Most of the children of Manuel Canaveris were linked to military families. His son, Sinforoso Canaveri Rodríguez served as lieutenant in the Batallón de Voluntarios Rebajados of Buenos Aires, under the command of Colonel Joaquín María Ramiro. His sixth child Rufino Canaveris, was married in the first nuptials with Cirila Borda, daughter of Vicente Borda, a Lieutenant who served in the Regimiento de Artillería Volante.
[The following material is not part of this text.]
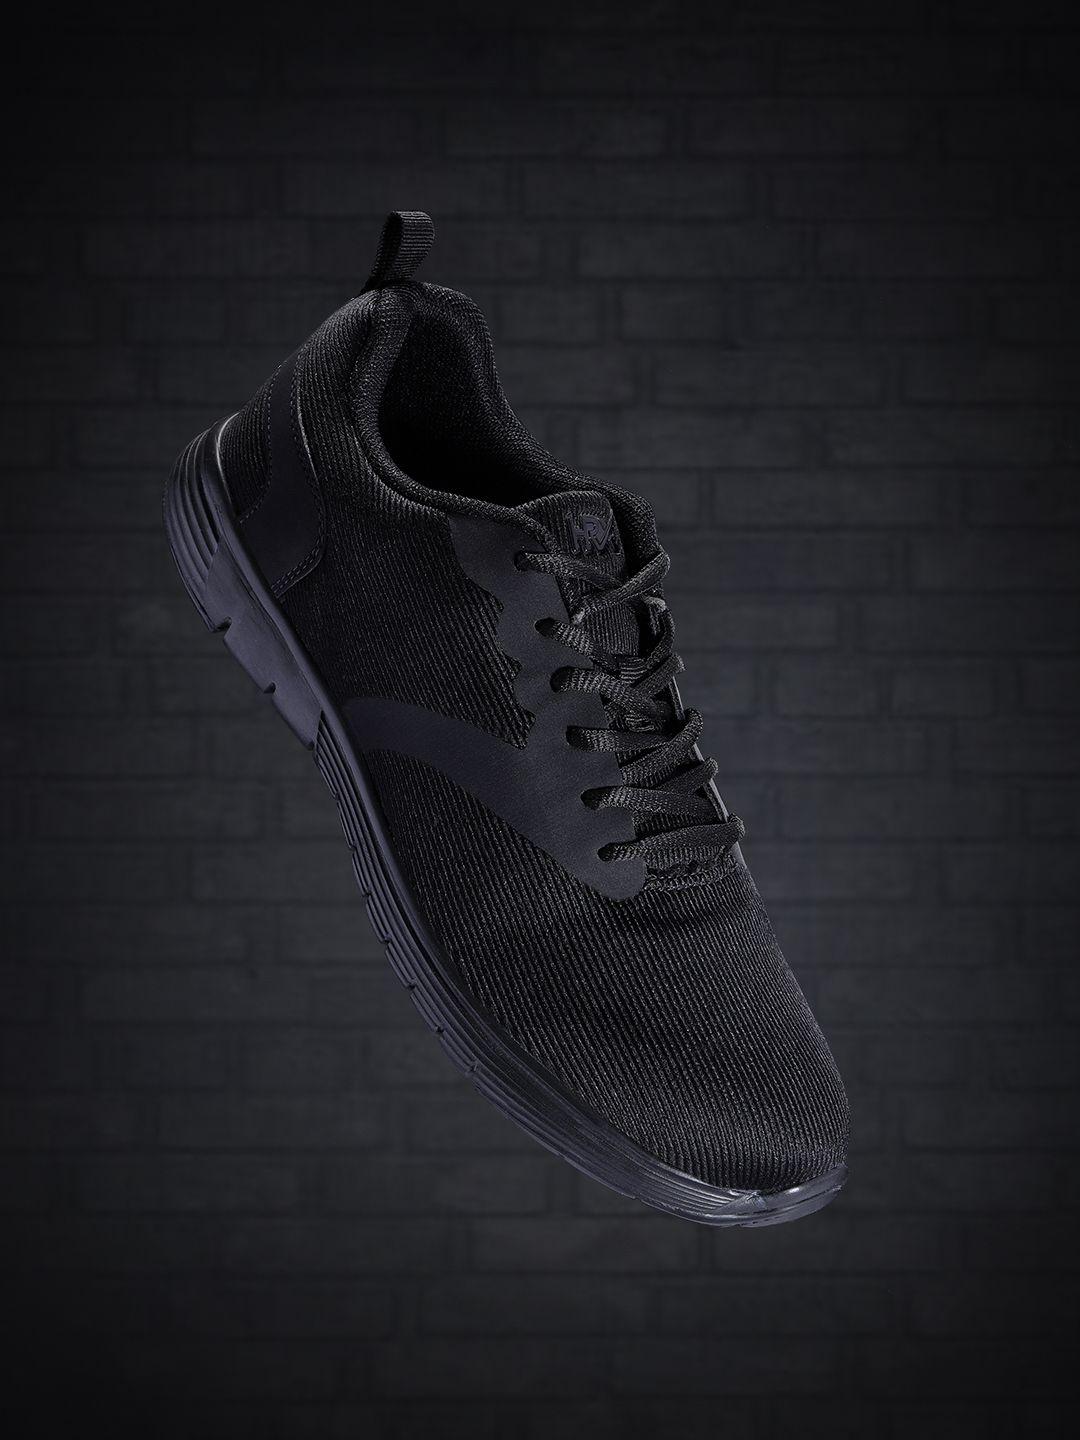 hrx-by-hrithik-roshan-men-black-woven-design-runner-shoes

His son-in-law Juan Ángel Michelena, was an officer of the Argentine army, who reached the rank of lieutenant colonel in 1852. He took an active part in the
Liberating Expedition of Peru, participating in the Battle of Torata and Battle of Moquegua, where he was taken prisoner.

Manuel Canaveris was also related to Francisco Pelliza, a patriot who served under Manuel Belgrano in the Army of the North.

In 1879, Colonel Tomás O'Gorman attended as godfather at the wedding of his great-granddaughter María Luisa Canaveri with Sergeant Major Damián Vera, a military man who participated in the War of the Triple Alliance.

Camilo Alejo Canavery, a great-grandson of Manuel Canaveris, was a lawyer who joined the rebel forces of the Civic Union during the Revolution of the Park. He served as attorney of José Camilo Crotto, governor of Buenos Aires Province between 1918 and 1921.

Like his ancestors, Manuel Canaveri 's family were fervent Christians. Most of his children and grandchildren were married or baptized in the Parish of Monserrat, including Guillermo Canavery, born on June 25, 1861, and baptized with that name in honor of Guillaume de Verceil. His great-grandson, Virginio Canaveris was baptized on November 8, 1867, in the Parroquia Nuestra Señora de la Piedad, being his godson Manuel Terry Marmol, belonging to the Terry family.

A few branches of their descendants were established or born in the neighborhoods of San Cristóbal, Vélez Sársfield, Nueva Chicago and Nueva Pompeya, but also in rural areas like Lincoln and Olavarría, place where a street with its surname is located. His last distinguished branches of his paternal lineage were the Canaveris Trillo, Canaveris Panelo, Canavery Flores, Canavery Andrade, Canavery de Alvarado Périchon and the marriage of his great-grandson Saturnino Canaveri with Carmen Canavery, daughter of Adolfo Canavery and Carmen Martinez.